This will act as the prompt generation module that will act to generate prompts in response to the users initial input. Typically here we would use an api key such as one by open AI, but I'm choosing to run this locally and will use a free model from hugging face. 

In [4]:
from transformers import pipeline, AutoTokenizer, AutoModelForSeq2SeqLM

Load a pretrained model and begin making the pipeline

In [36]:
model_name = 'google/flan-t5-large'
tokenizer = AutoTokenizer.from_pretrained(model_name)
model = AutoModelForSeq2SeqLM.from_pretrained(model_name)\

llm_pipeline = pipeline('text2text-generation', 
    model=model, 
    tokenizer=tokenizer, 
    max_length=512, 
    temperature=0.1,
    do_sample=True,
    repetition_penalty=1.2)

Device set to use mps:0


We need to make a generation function to actually create the response to the user input

In [37]:
def generate_response(user_query, retrieved_context, sentiment, intent):
    # Flan-T5 prefers this specific structure:
    prompt = f"""
    Answer the following question based on the context provided. Be polite and helpful.
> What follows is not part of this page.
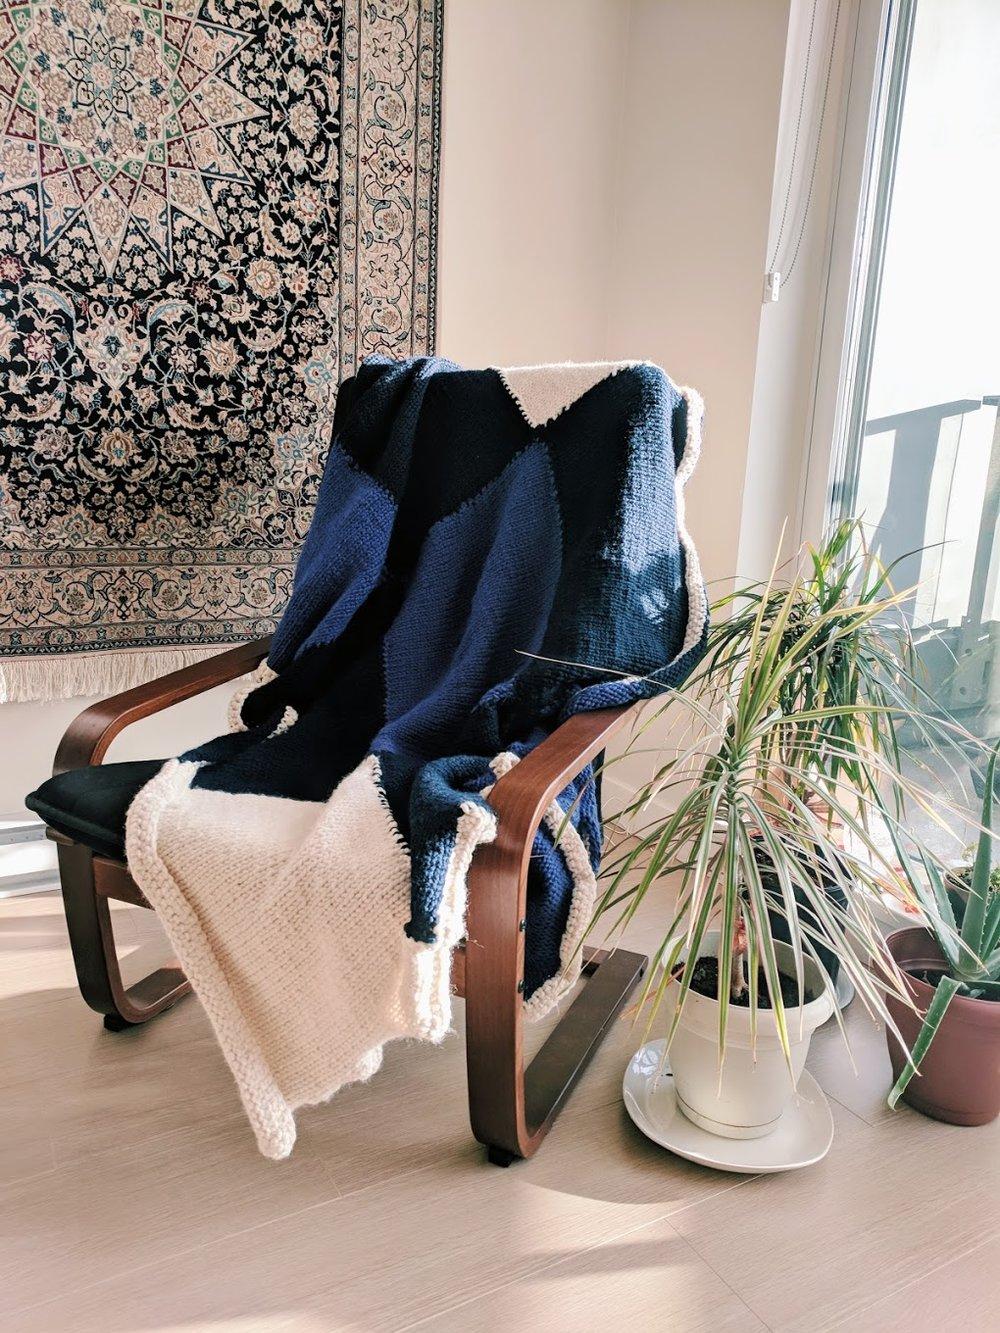 block knit blanket on chair.jpg

    Context: {retrieved_context}
    
    Question: {user_query}
    
    Answer:
    """
    
    # We call the pipeline
    response = llm_pipeline(prompt)
    
    # Clean the output just in case
    return response[0]['generated_text']

Test this pipeline to ensure proper end user feedback

In [38]:
mock_user_query = "Where is my refund? I've been waiting forever!"
mock_sentiment = "negative" 
mock_intent = "cancellation and refund"
mock_retrieved_policy = "Refund Policy: Money is returned to the original payment method within 5-7 business days."
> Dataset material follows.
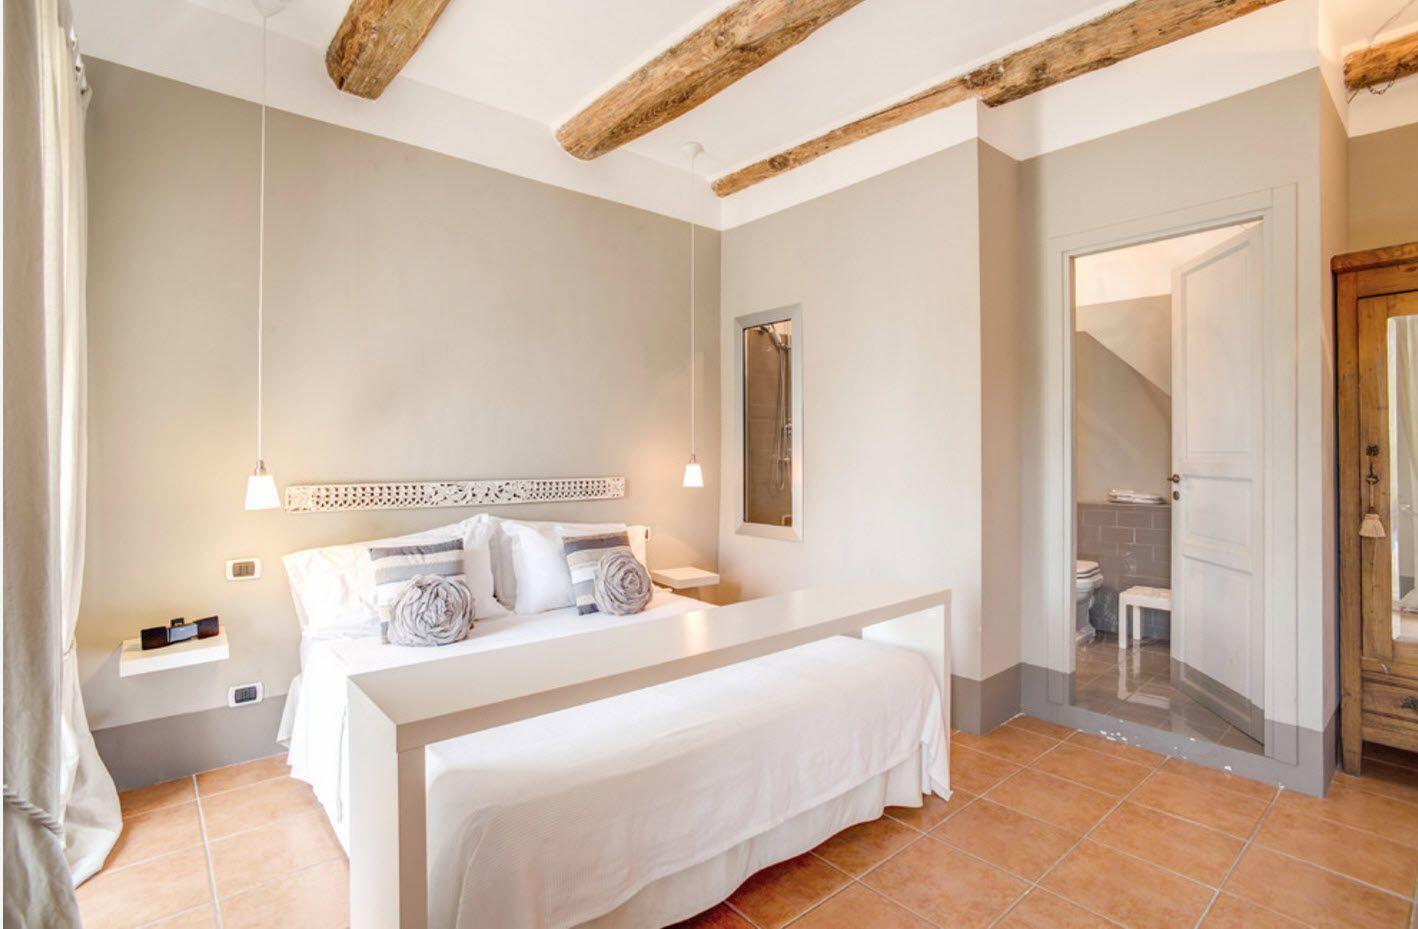 Ceiling beams of large logs in the modern Scandinavian style bedroom image

print("\nGenerating Response locally...")
final_answer = generate_response(
    mock_user_query, 
    mock_retrieved_policy, 
    mock_sentiment, 
    mock_intent
)

print("\n--- FINAL CHATBOT OUTPUT ---")
print(final_answer)


Generating Response locally...

--- FINAL CHATBOT OUTPUT ---
5-7 business days


Key Takeaways, this model is more straightforward which may result in user feedback that is not overly friendly. Using a model where you pay per token such as a API call from chatgpt would be better suited for an issue such as this. However for the purpose of demenstration this model does just fine.